(Dataset excerpts)
=== Begin Enclosure ===

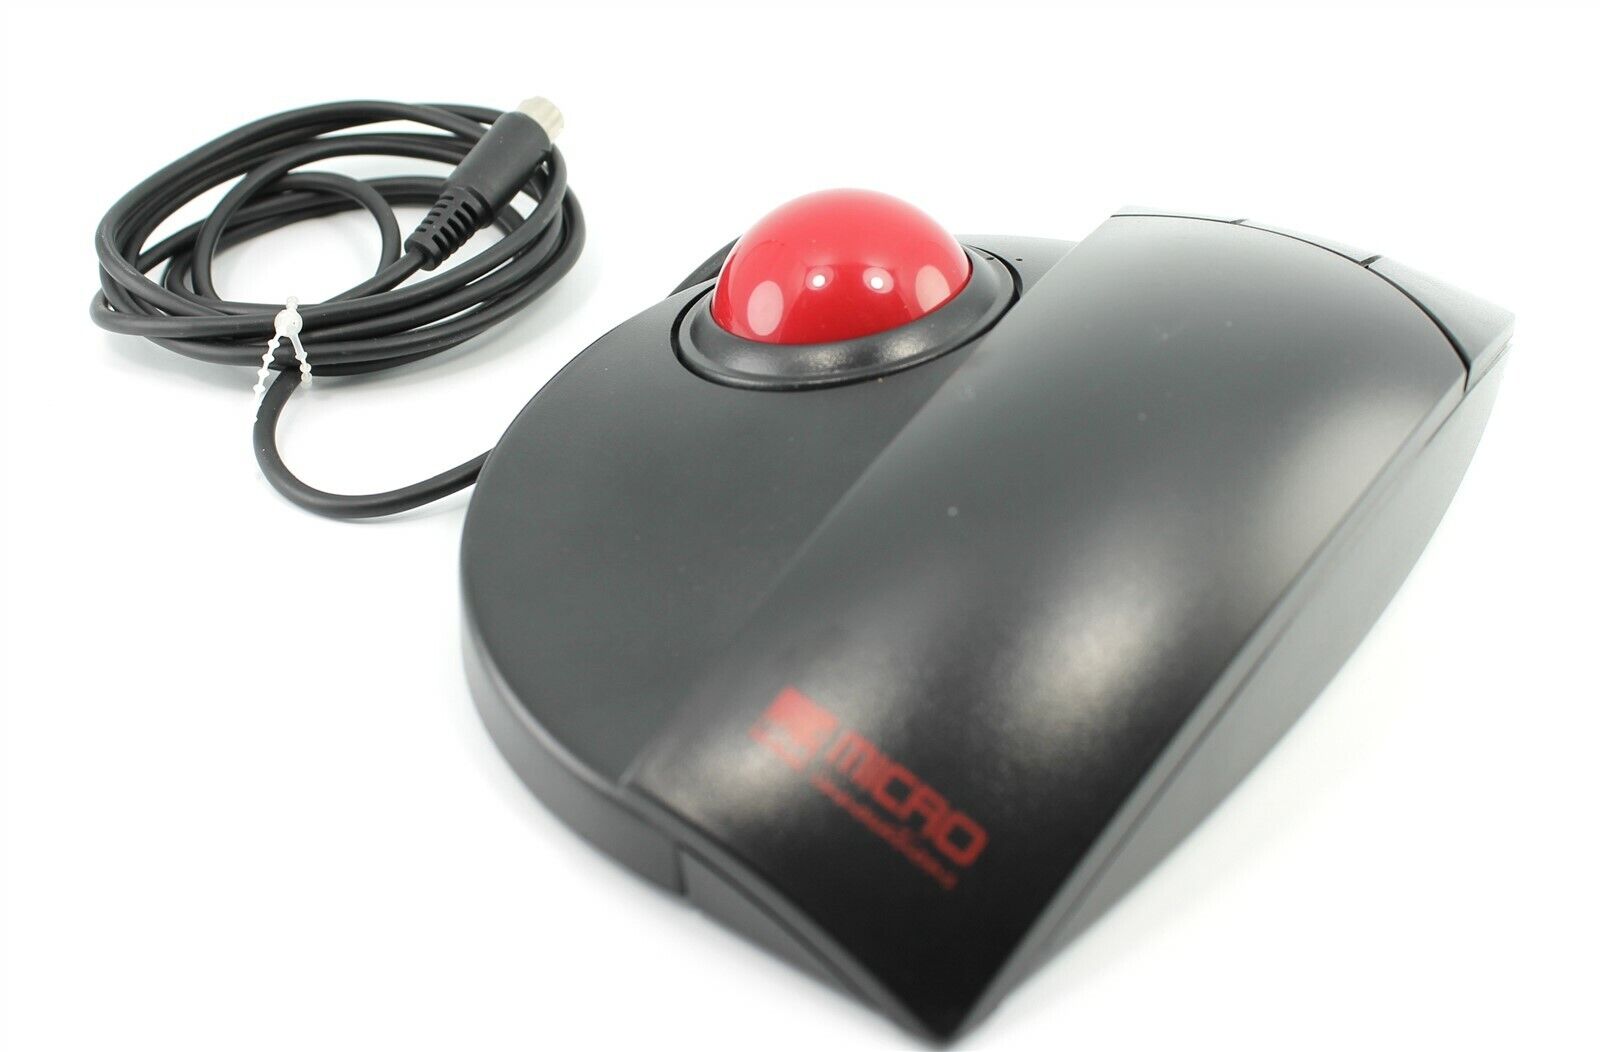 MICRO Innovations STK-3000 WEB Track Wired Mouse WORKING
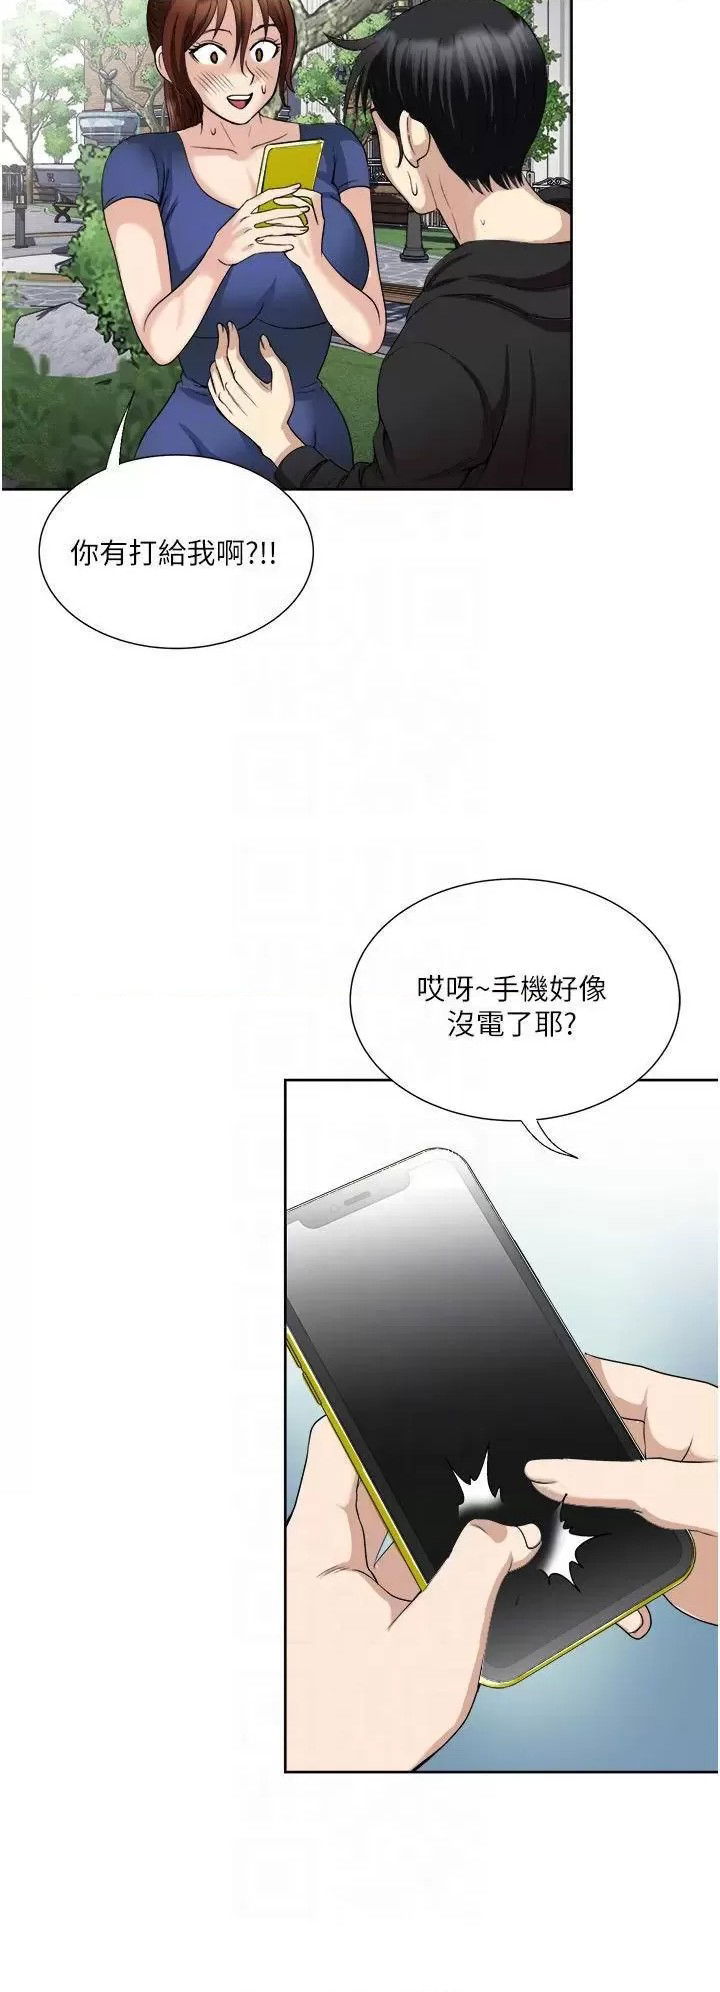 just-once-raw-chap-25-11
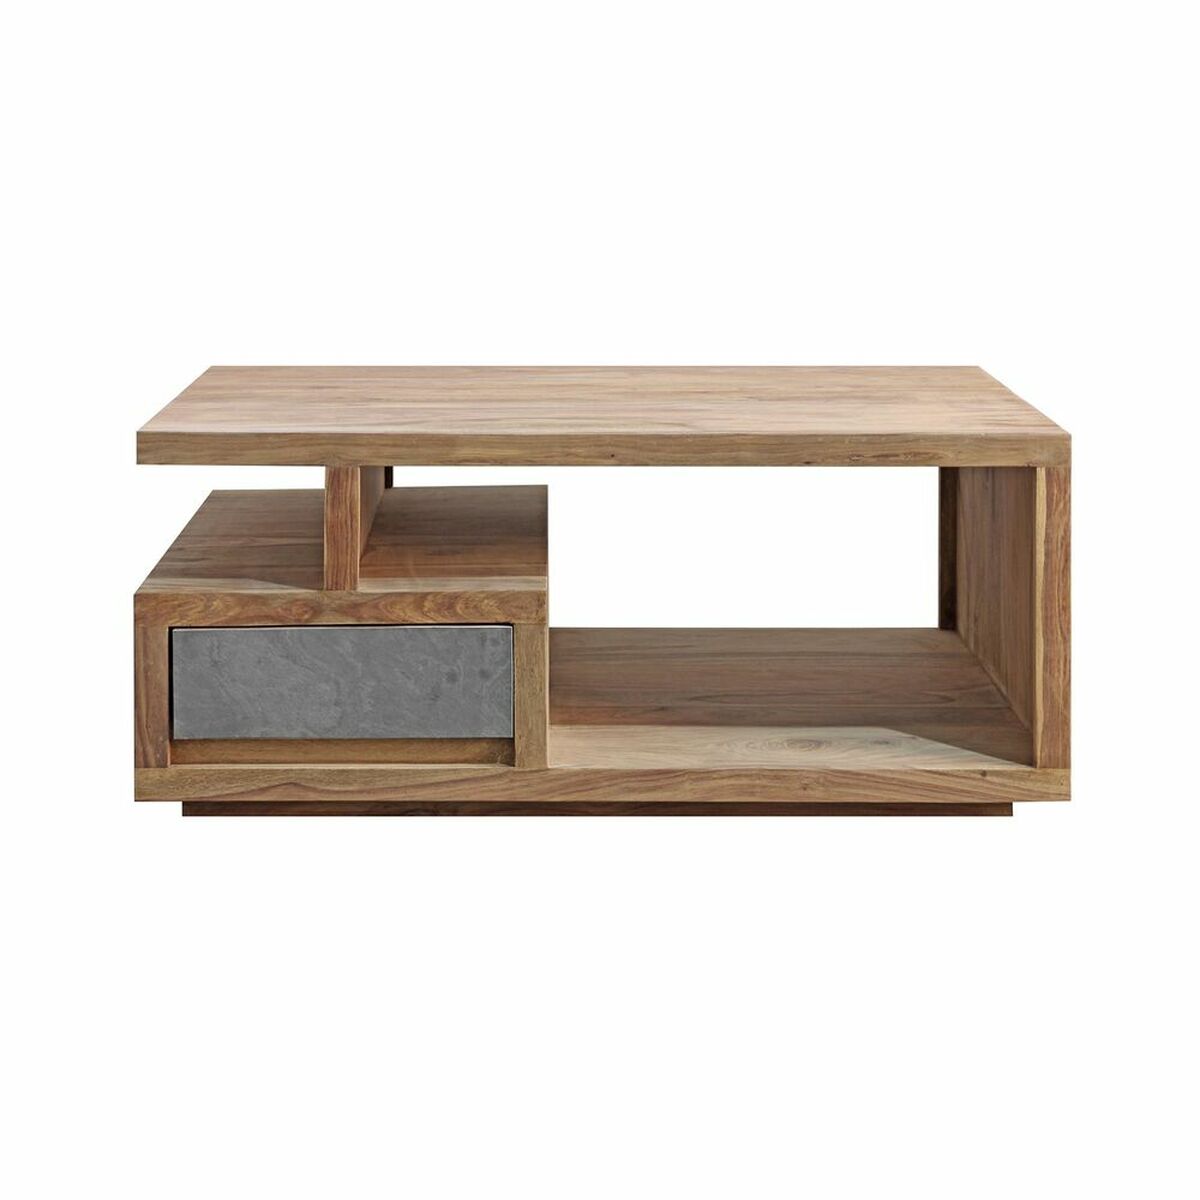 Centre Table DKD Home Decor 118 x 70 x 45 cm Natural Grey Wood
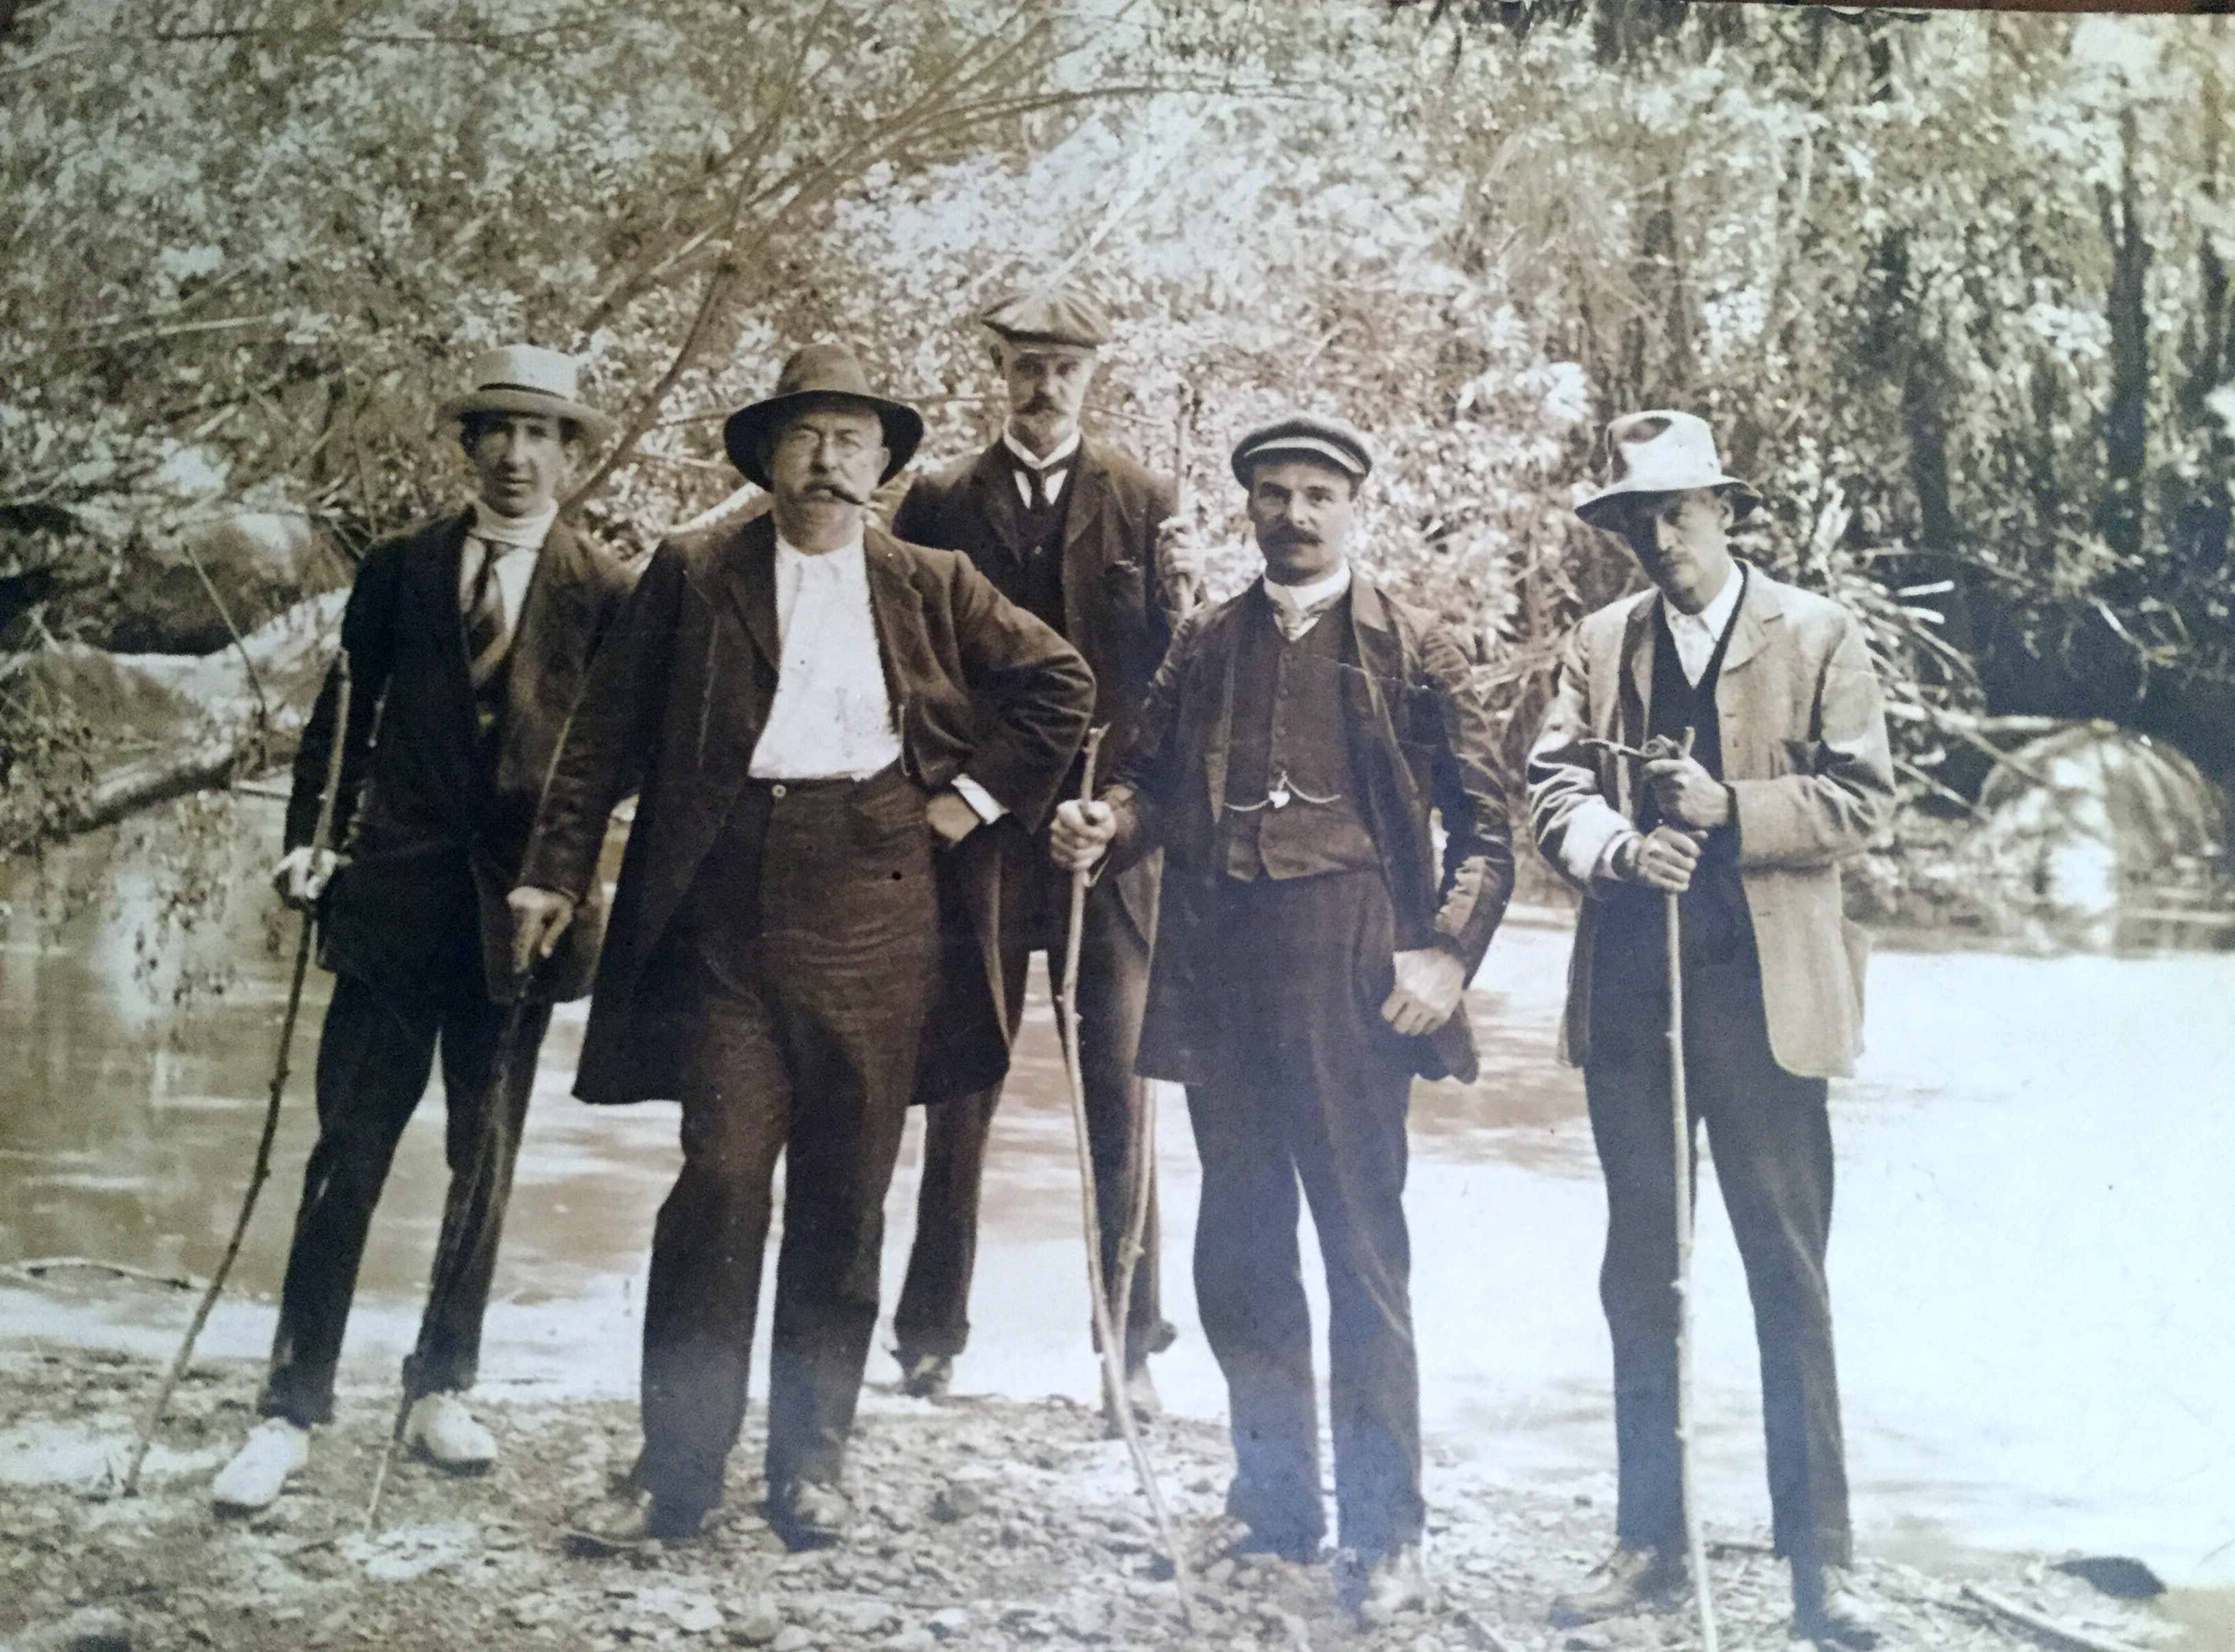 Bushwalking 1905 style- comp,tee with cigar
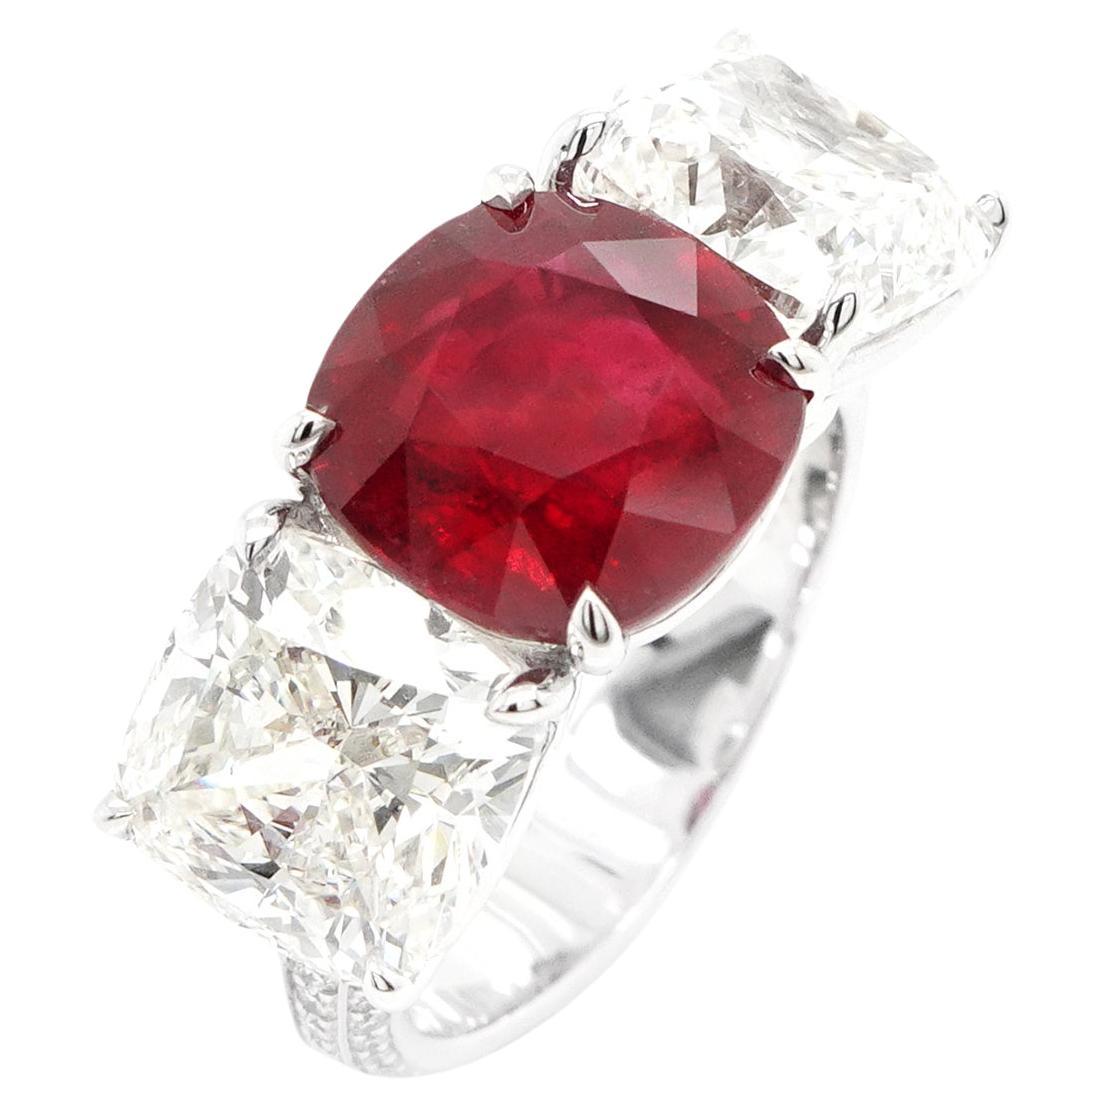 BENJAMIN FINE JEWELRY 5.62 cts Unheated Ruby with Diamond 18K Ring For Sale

=== End Enclosure ===

Without including any picture, print all of the entries above exactly.

 MICRO Innovations STK-3000 WEB Track Wired Mouse WORKING
 just-once-raw-chap-25-11
 Centre Table DKD Home Decor 118 x 70 x 45 cm Natural Grey Wood
 Bushwalking 1905 style- comp,tee with cigar
 BENJAMIN FINE JEWELRY 5.62 cts Unheated Ruby with Diamond 18K Ring For Sale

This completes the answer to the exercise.